29 この世界のこと、好き?
「この世界の出来事を『好き、楽しい』って言うと、洗脳しやすくなるの。北村君は電光剣をすごく気に入ってくれたんでしょう?だから、夢世界の住人に決定よ!これからもっと楽しいモノを見せてあげるわ」
涌井さんの無邪気な笑いに怯えつつも、ミッキーは果敢に立ち向かった。
「そう言う訳にはいかないんです。北村さんは巻き込まれた一般市民なので……」
「もう、シツコイわね!」
涌井さんが怒鳴ると、変化途中の駅前の風景が一斉に動きを止めた。ギョッとしたミッキーが辺りを見回す。
それは不気味な光景だった。まるでSF映画かゲームのワンシーンのように、ポリゴンが裏返る一瞬の状態で静止しているのだ。
「帰らないのなら、この世界に取り込むわよ。私が呼んだミッキーっていうあだ名を気に入ってくれたんでしょう?その僅かな心の隙間から少しずつ入り込んで染めていくの。ヒデや塩原へやったようにね……」
涌井さんがふざけたように人差し指をミッキーへ向け、クルクルと回した。
「そ、そんな脅しには屈しません!」
ミッキーが負けじとグイと前へ出る。
「この夢を終わりにしてください。
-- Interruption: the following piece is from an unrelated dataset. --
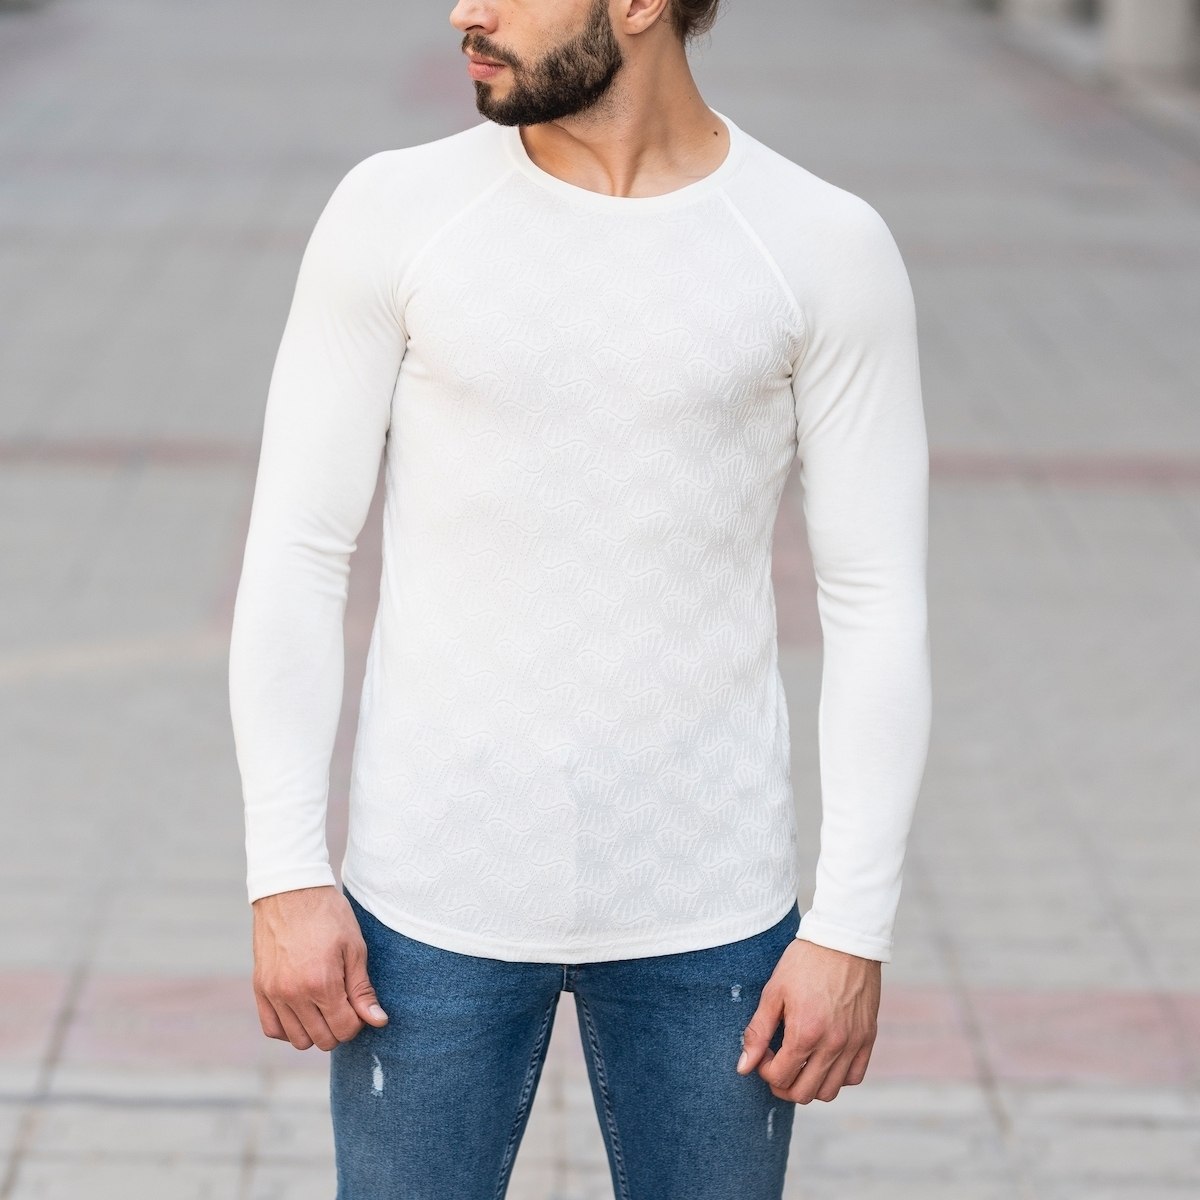 Engraved Sweatshirt In White - 1
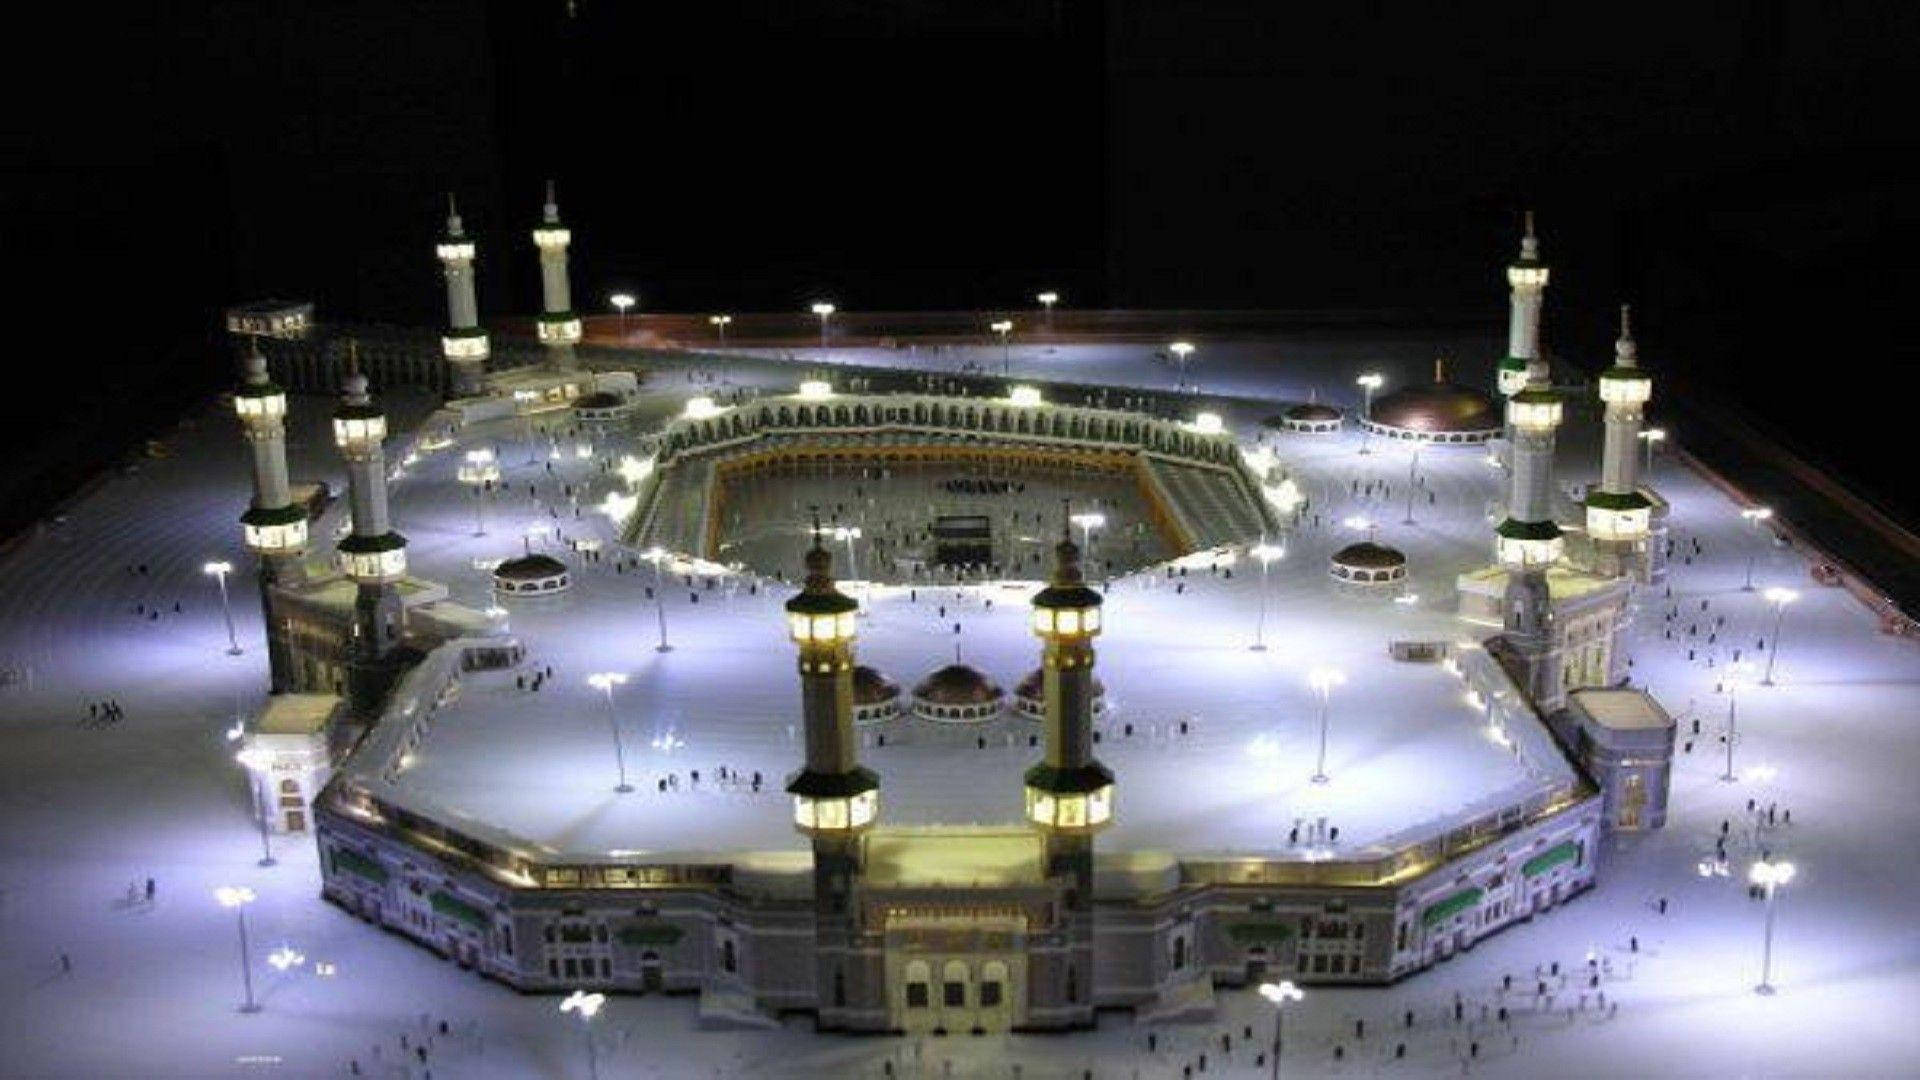 Masjid Al-haram Mosque Miniature Scale Model

拒否するならば、実力行使へ切り替える事になります」
それを聞いた涌井さんは「実力行使?!」と裏返った声を出しながら、驚いたように何度も瞬いた。
「へえ。面白いわね。できるものなら、やってごらんなさいよ」
低い声で凄みながらニヤリと笑い、そして、おもむろに右手をスッと上げた。
手のひらが光り始め、ソフトボール大の光球がポコッと浮き出てきた。携帯の振動によく似た音が聞こえる。
「それはっ……!?」
ミッキーが身構えようとした刹那、涌井さんがピッチャーのように振りかぶって光球を投げた。
「キャッ!!」
避ける間もなくミッキーに命中。悲鳴と共に彼女は吹き飛ばされた。
「ヒャッフー!た〜のし~!」
涌井さんがガッツポーズした。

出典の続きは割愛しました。